# heavenly softball



## hunting777 (May 3, 2009)

*Two 90-year-old women, Bertha and Betty, had been friends all of their lives.*

*When it was clear that Bertha was dying, Betty visited her every day.*

*One day Betty said, "Bertha, we both loved playing softball all our lives, and we played all through high school. Please do me one favor: When you get to heaven, somehow you must let me know if there's women's softball there."*

*Bertha looked up at Betty from her deathbed and said, "Betty, you've been my best friend for many years. If it's at all possible, I'll do this favor for you."*

*Shortly after that, Bertha passed on.*

*A few nights later, Betty was awakened from a sound sleep by a blinding flash of white light and a voice calling out to her, "Betty, Betty."*

*"Who is it?" asked Betty, sitting up suddenly. "Who is it?"*

*"Betty - it's me, Bertha."*

*"You're not Bertha. Bertha just died."*

*"I'm telling you, it's me, Bertha," insisted the voice.*

*"Bertha!
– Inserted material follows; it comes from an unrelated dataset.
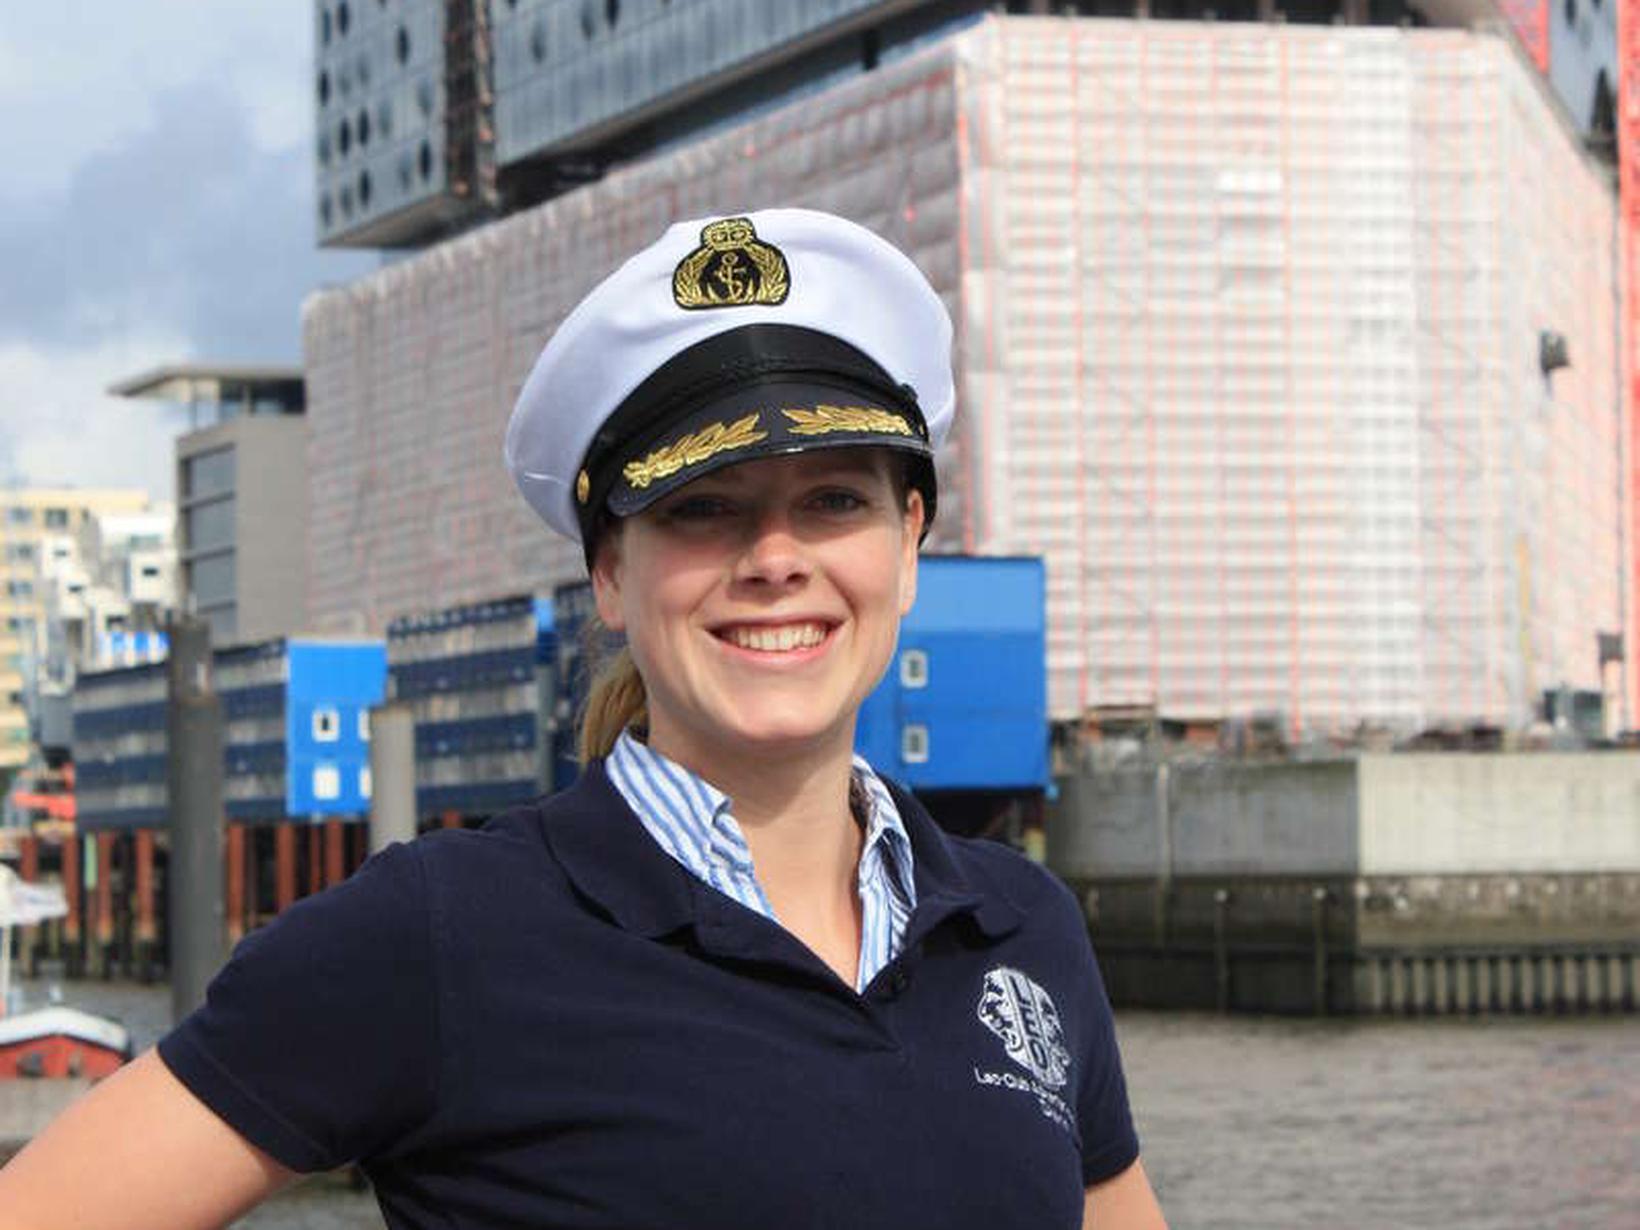 Diana from Hamburg, Germany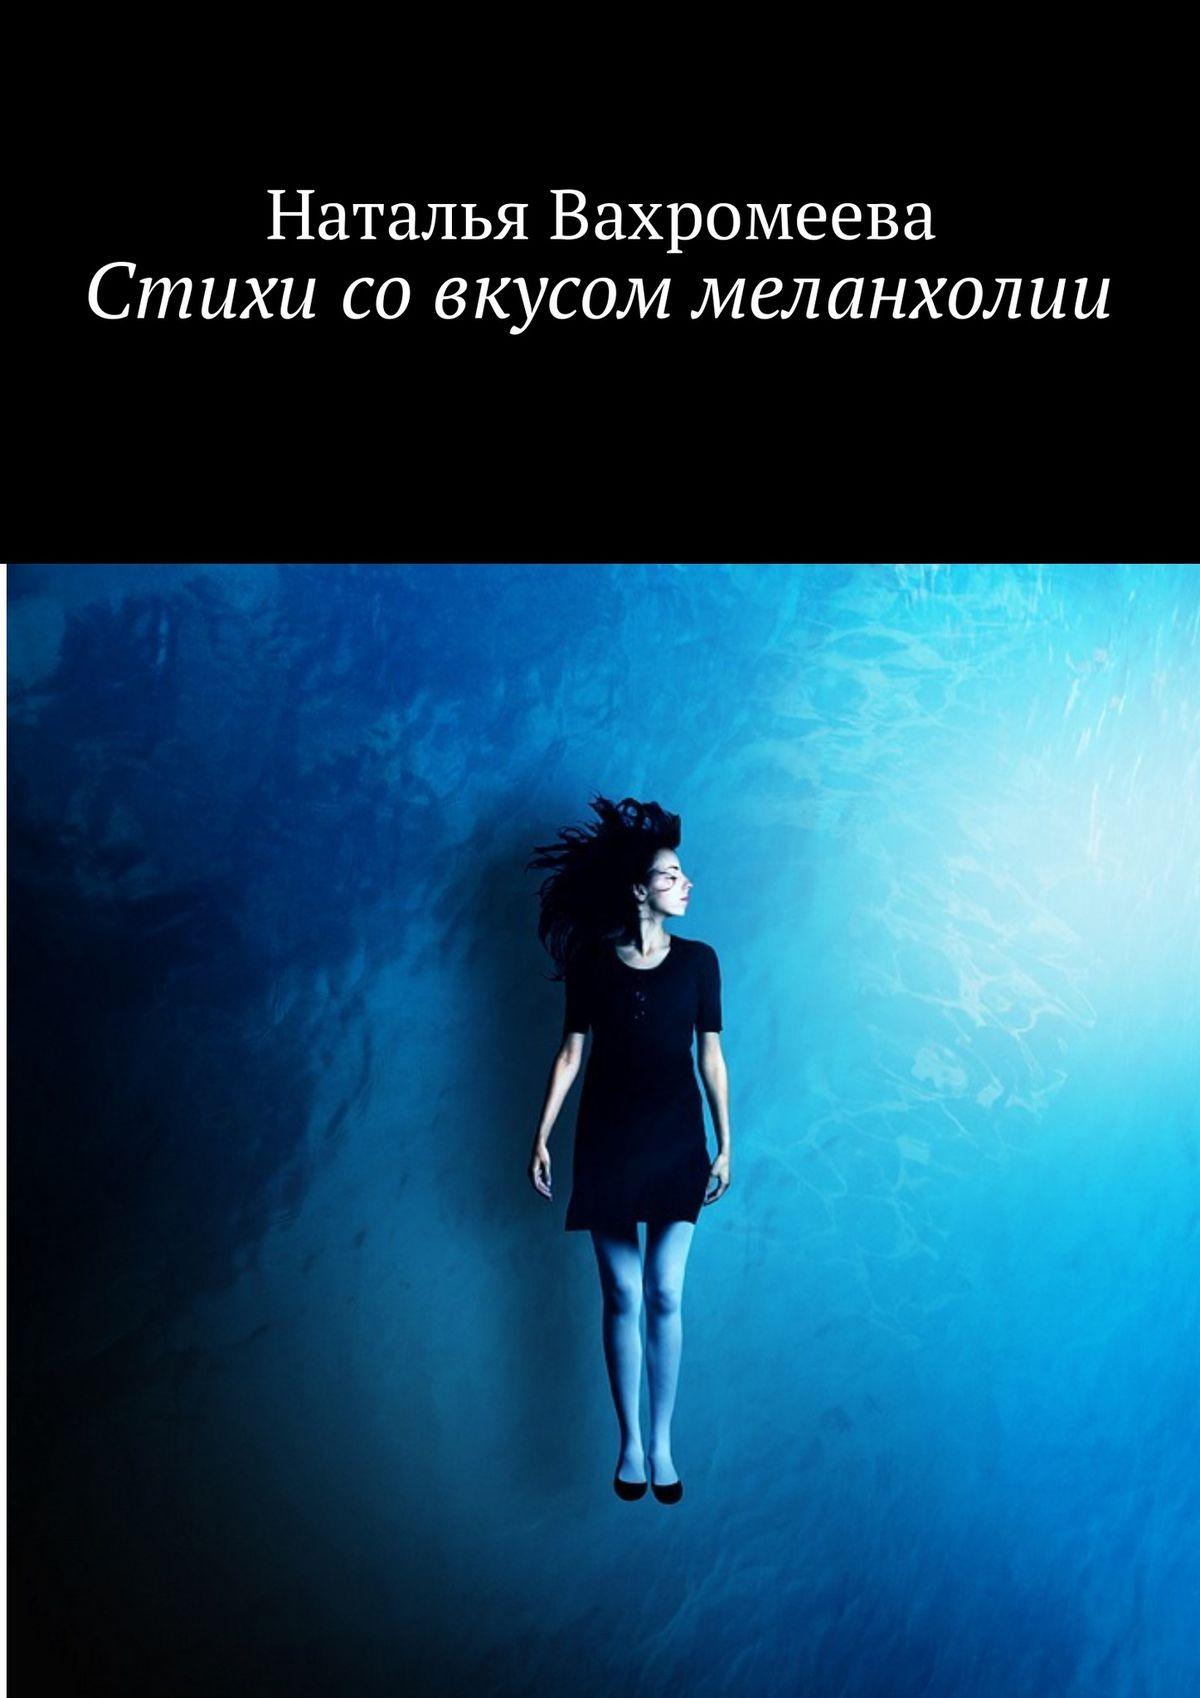 Наталья Вахромеева Стихи совкусом меланхолии э и гальперин нехирургические мысли и вновь возвращаясь к себе…

Where are you?"*

*"In heaven," replied Bertha. "I have some really good news and a little bad news."*

*"Tell me the good news first," said Betty.*

*"The good news," Bertha said, "is that there's women's softball in heaven. Better yet, all of our old buddies who died before me are here, too. Even better than that, we're all young again. Better still, it's always springtime and it never rains or snows. And best of all, we can play softball all we want, and we never get tired."*

*"That's fantastic," said Betty. "It's beyond my wildest dreams! So what's the bad news?"*

*"You're pitching Tuesday."*


----------